### INSTRUCTIONS FOR THE TASK
With the images removed, write out every line below exactly.

[[ INFORMATION SHOWN, beginning ]]

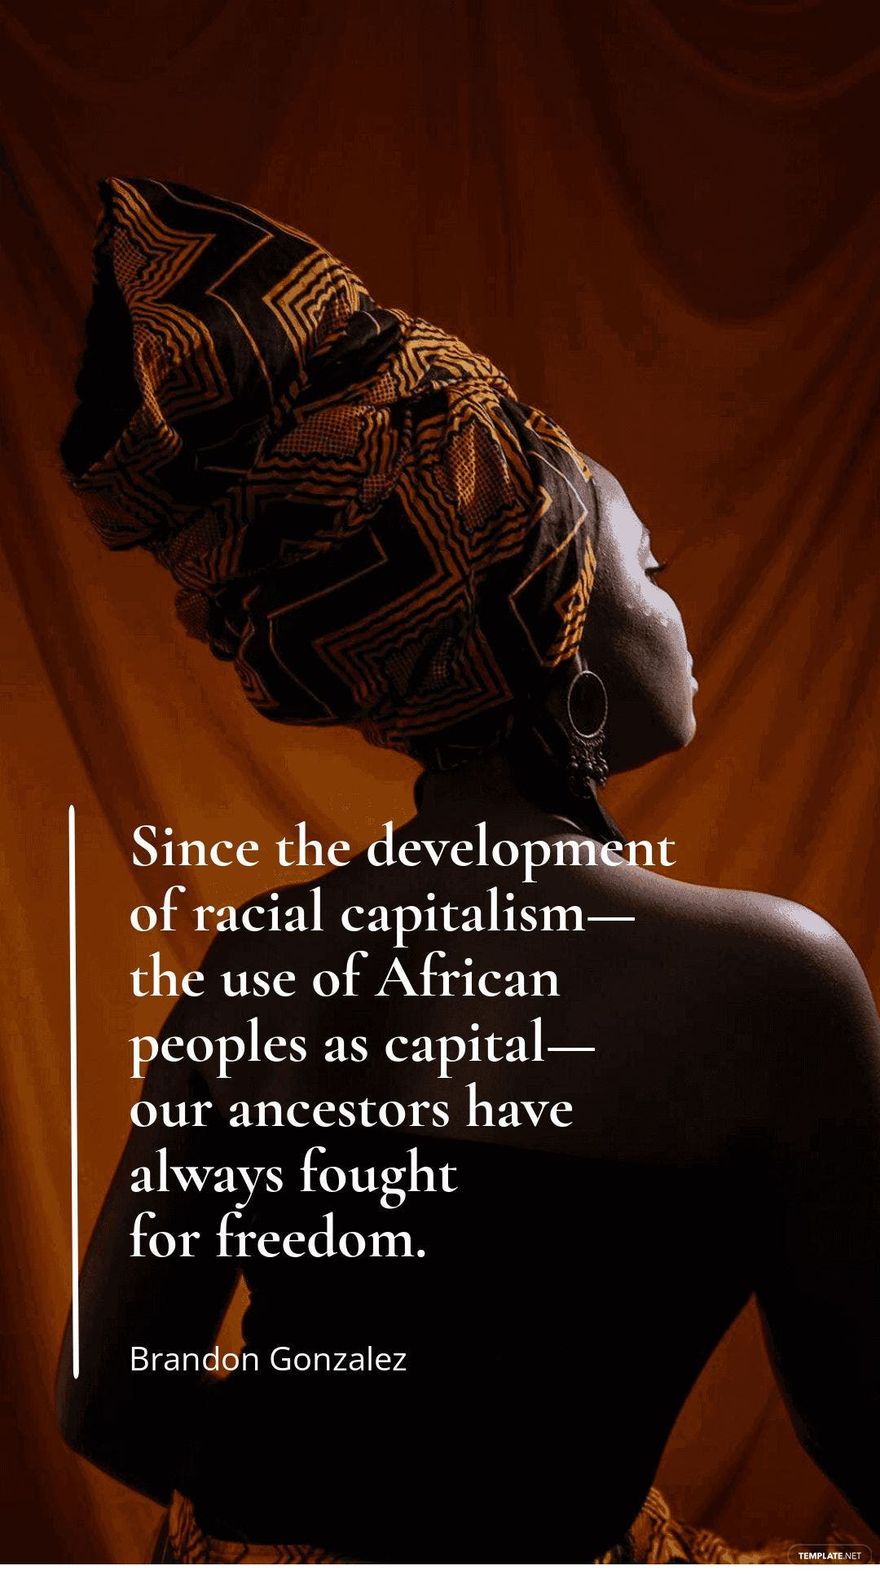 Brandon Gonzalez - Since the development of racial capitalism—the use of African peoples as capital—our ancestors have always fought for freedom.
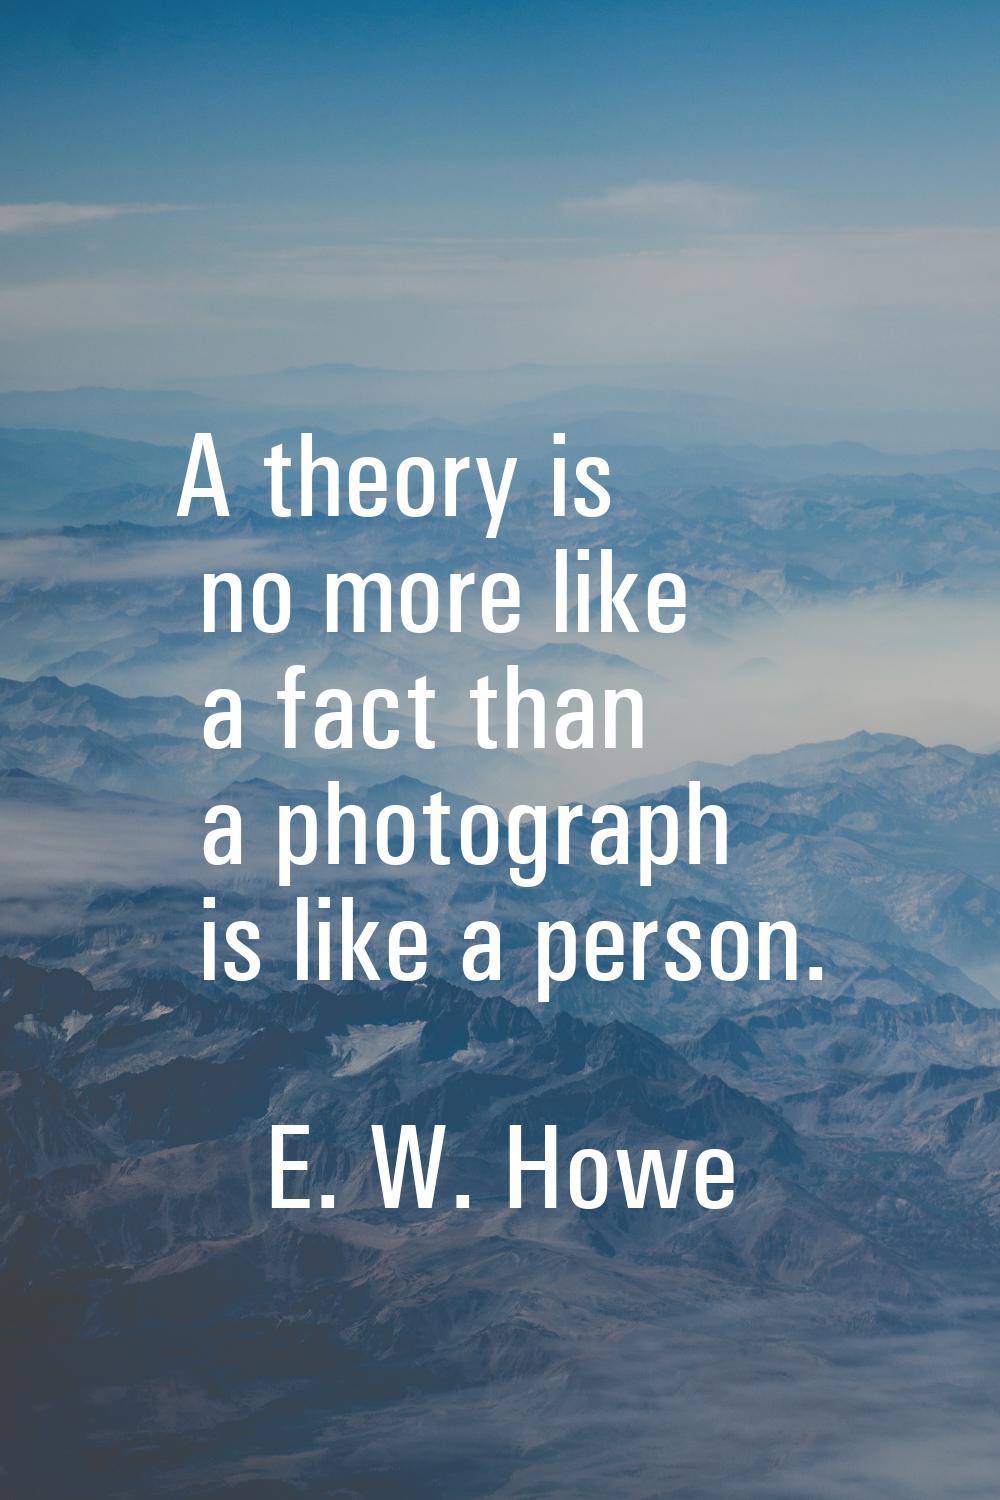 A theory is no more like a fact than a photograph is like a person.
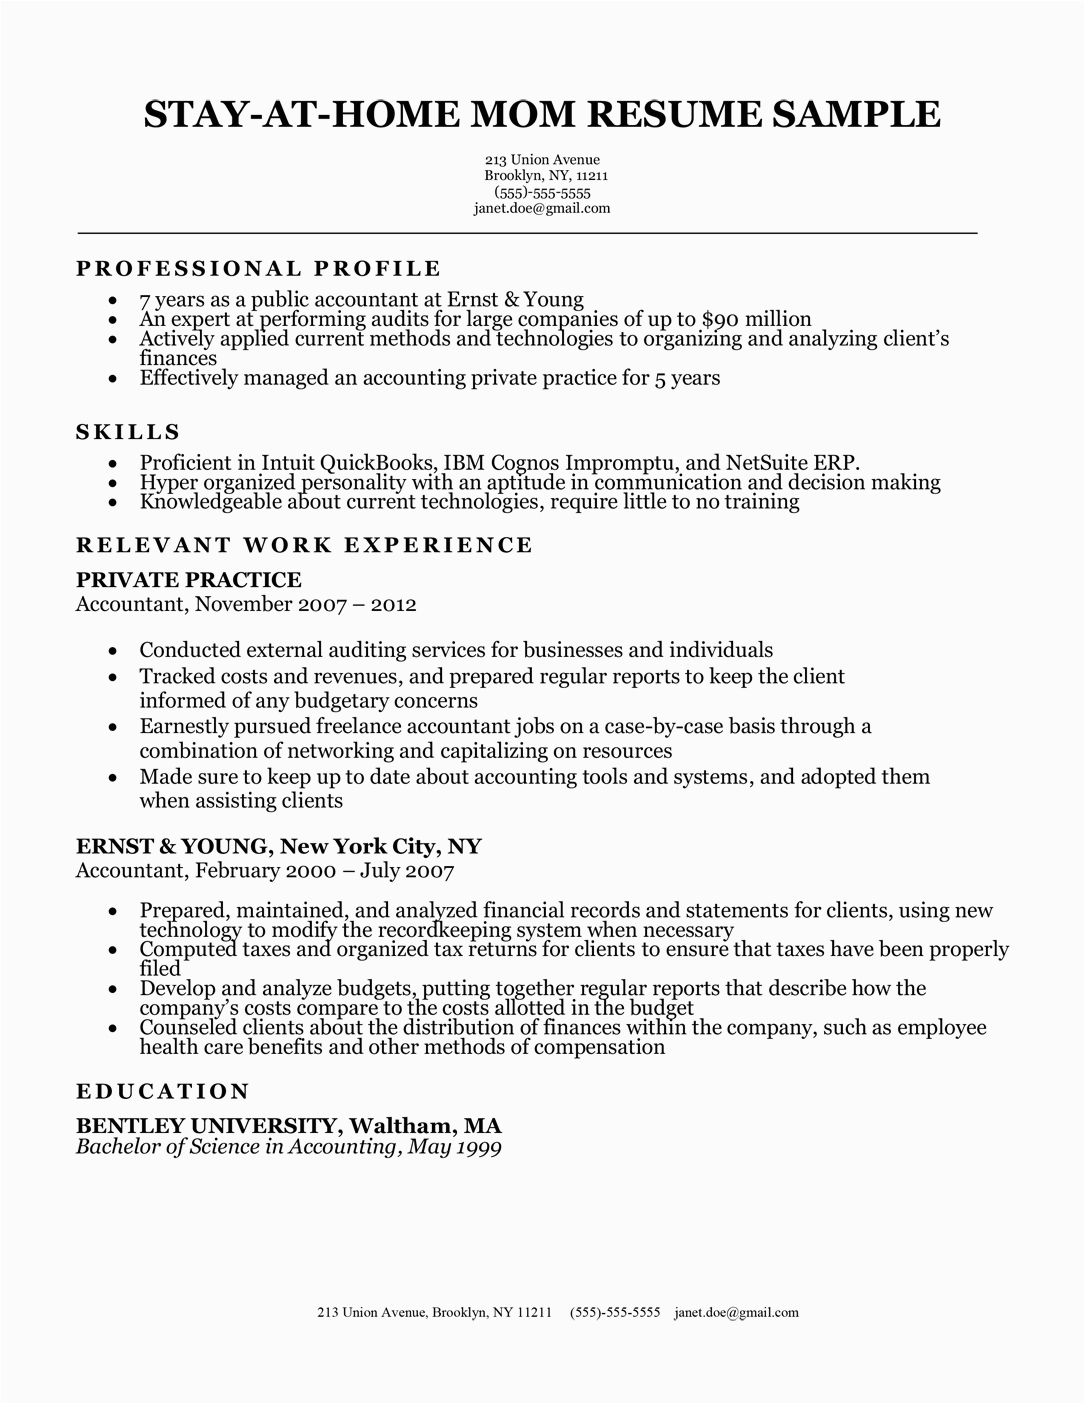 Resume Profile Samples for Stay at Home Moms Stay at Home Mom Resume Sample & Writing Tips

[[ INFORMATION SHOWN, end ]]

### OUTPUT BELOW
 Brandon Gonzalez - Since the development of racial capitalism—the use of African peoples as capital—our ancestors have always fought for freedom.
 A theory is no more like a fact than a photograph is like a person.
 Resume Profile Samples for Stay at Home Moms Stay at Home Mom Resume Sample & Writing Tips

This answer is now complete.